[Stored items]
=======
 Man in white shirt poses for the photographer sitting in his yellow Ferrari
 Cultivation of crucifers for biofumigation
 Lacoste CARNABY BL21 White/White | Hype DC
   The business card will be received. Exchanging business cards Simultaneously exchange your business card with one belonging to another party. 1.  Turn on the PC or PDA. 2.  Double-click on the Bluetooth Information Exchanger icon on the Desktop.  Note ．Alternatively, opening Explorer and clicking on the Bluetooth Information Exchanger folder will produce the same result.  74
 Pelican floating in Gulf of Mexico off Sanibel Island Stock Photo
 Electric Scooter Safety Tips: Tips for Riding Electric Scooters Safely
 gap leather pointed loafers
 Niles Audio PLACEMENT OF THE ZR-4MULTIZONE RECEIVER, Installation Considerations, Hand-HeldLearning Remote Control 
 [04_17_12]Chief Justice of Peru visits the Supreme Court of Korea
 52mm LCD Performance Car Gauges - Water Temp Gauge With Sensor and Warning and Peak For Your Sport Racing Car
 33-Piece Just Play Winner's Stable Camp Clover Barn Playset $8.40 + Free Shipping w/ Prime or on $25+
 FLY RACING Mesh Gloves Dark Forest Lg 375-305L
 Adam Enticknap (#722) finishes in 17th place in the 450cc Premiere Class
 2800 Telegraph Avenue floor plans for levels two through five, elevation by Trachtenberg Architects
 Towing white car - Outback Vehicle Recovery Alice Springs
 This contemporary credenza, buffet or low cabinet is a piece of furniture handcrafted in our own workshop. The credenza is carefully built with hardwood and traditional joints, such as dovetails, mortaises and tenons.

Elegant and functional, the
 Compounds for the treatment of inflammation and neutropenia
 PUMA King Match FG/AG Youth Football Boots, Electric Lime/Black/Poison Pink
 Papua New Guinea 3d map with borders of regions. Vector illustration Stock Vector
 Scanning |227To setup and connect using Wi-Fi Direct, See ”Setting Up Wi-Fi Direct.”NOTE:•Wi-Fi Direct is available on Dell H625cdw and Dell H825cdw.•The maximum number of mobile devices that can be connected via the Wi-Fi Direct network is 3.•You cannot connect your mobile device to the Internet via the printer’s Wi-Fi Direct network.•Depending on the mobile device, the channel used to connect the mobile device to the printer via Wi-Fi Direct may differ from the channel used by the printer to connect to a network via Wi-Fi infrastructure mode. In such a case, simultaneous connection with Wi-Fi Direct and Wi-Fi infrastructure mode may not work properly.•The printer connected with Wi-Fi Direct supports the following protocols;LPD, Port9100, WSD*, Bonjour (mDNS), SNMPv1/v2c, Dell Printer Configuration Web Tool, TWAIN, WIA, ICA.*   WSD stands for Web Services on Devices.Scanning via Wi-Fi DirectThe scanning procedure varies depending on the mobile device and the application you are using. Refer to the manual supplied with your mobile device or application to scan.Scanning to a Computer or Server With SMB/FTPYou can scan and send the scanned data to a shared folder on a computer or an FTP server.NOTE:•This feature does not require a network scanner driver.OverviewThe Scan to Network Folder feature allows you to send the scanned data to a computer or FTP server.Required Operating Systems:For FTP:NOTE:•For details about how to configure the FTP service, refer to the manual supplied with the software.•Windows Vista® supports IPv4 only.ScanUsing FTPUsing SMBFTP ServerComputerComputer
=======
◆ What is required:
Return every line above where "Stock" appears.

◆ Response to this task:
 Pelican floating in Gulf of Mexico off Sanibel Island Stock Photo
 Papua New Guinea 3d map with borders of regions. Vector illustration Stock Vector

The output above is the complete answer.